Figure 4. Usp7 Attenuates Slimb-Cul1- and Hib-Cul3-mediated Ci Ubiquitination through Its Deubiquitinating Activity.

(A) Both Fg-Usp7 and Fg-Usp7^CA could bind Myc-Ci in S2 cells.

(B-E) Comparison of adult wing phenotypes from control flies (B), usp7 knockdown (C), Fg-usp7 expression in usp7 knockdown background (D), Fg-usp7^CA expression in usp7 knockdown background (E). Arrows marked the space between vein3 and vein4.

(F-F”) A wing disc expressing usp7^CA with MS1096 was immunostained to show Fg tag (white) and Ci (green). Ci level was not upregulated by usp7^CA expression (arrow).

(G-G”) A wing disc expressing usp7^CA with MS1096 was stained for Fg tag (white) and dpp-lacZ (green). usp7^CA overexpression decreased dpp-lacZ expression (arrow).

(H-H’) A wing disc expressing usp7-ΔMATH with MS1096 was stained with Fg tag (white) and Ci (green) antibodies. Ci level was not altered by usp7-ΔMATH expression (arrow).

(I-L) Wing discs expressing usp7 RNAi (I), Fg-usp7/usp7 RNAi (J), Fg-usp7^CA/usp7 RNAi (K) or Fg-usp7-ΔMATH/usp7 RNAi (L) were stained for dpp-lacZ expression (white). The attenuation of dpp-lacZ caused by usp7 knockdown (I, arrow) could be restored by the expression of Fg-usp7 (J, arrow), but not Fg-usp7^CA (K, arrow) and Fg-usp7-ΔMATH (L, arrow).

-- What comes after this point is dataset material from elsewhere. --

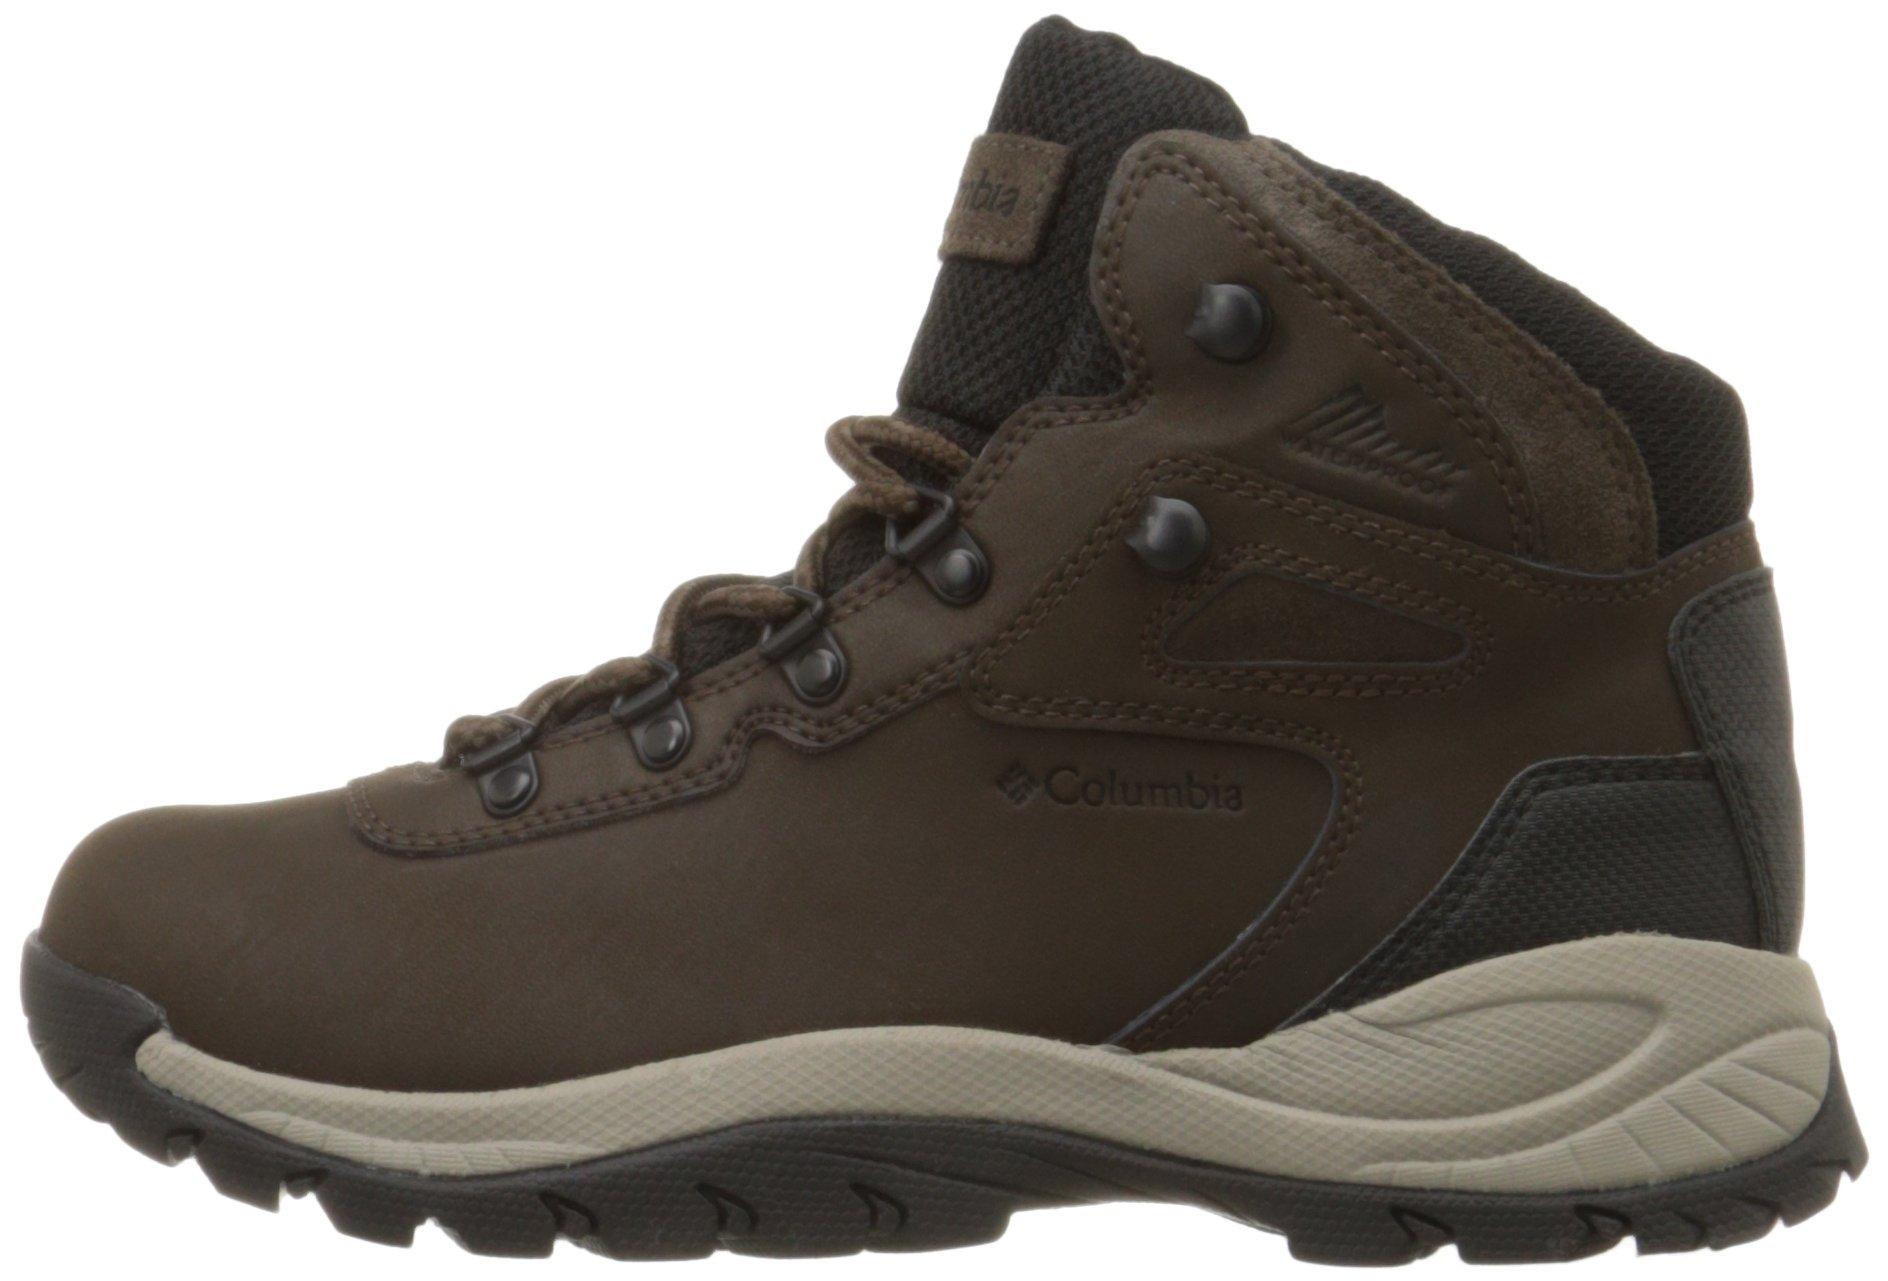 Columbia Women's Newton Ridge Plus Hiking Boot, Cordovan/Crown Jewel, 6 Regular US by Columbia (Image #5)

(M) Western blots of immunoprecipitates (top) or lysates (bottom three panels) from S2 cells expressing indicated proteins and treated with MG132.

(N) Knockdown of usp7 using usp7-dsRNA promoted Ci ubiquitination in S2 cells.

(O) usp7-dsRNA could effectively knock down Fg-usp7 expression in S2 cells. Actin acts as a loading control.

(P-Q) Transfected S2 cells were treated with MG132 for 4hrs before cell harvesting. Fg-Usp7 decreased, but Fg-Usp7^CA promoted Ci ubiquitination mediated by Slimb-Cul1 (P) and Hib-Cul3 (Q). From M-Q, quantification analyses of the ubiquitination levels of Ci were shown below each autoradiogram. Data are means±SD from three independent experiments.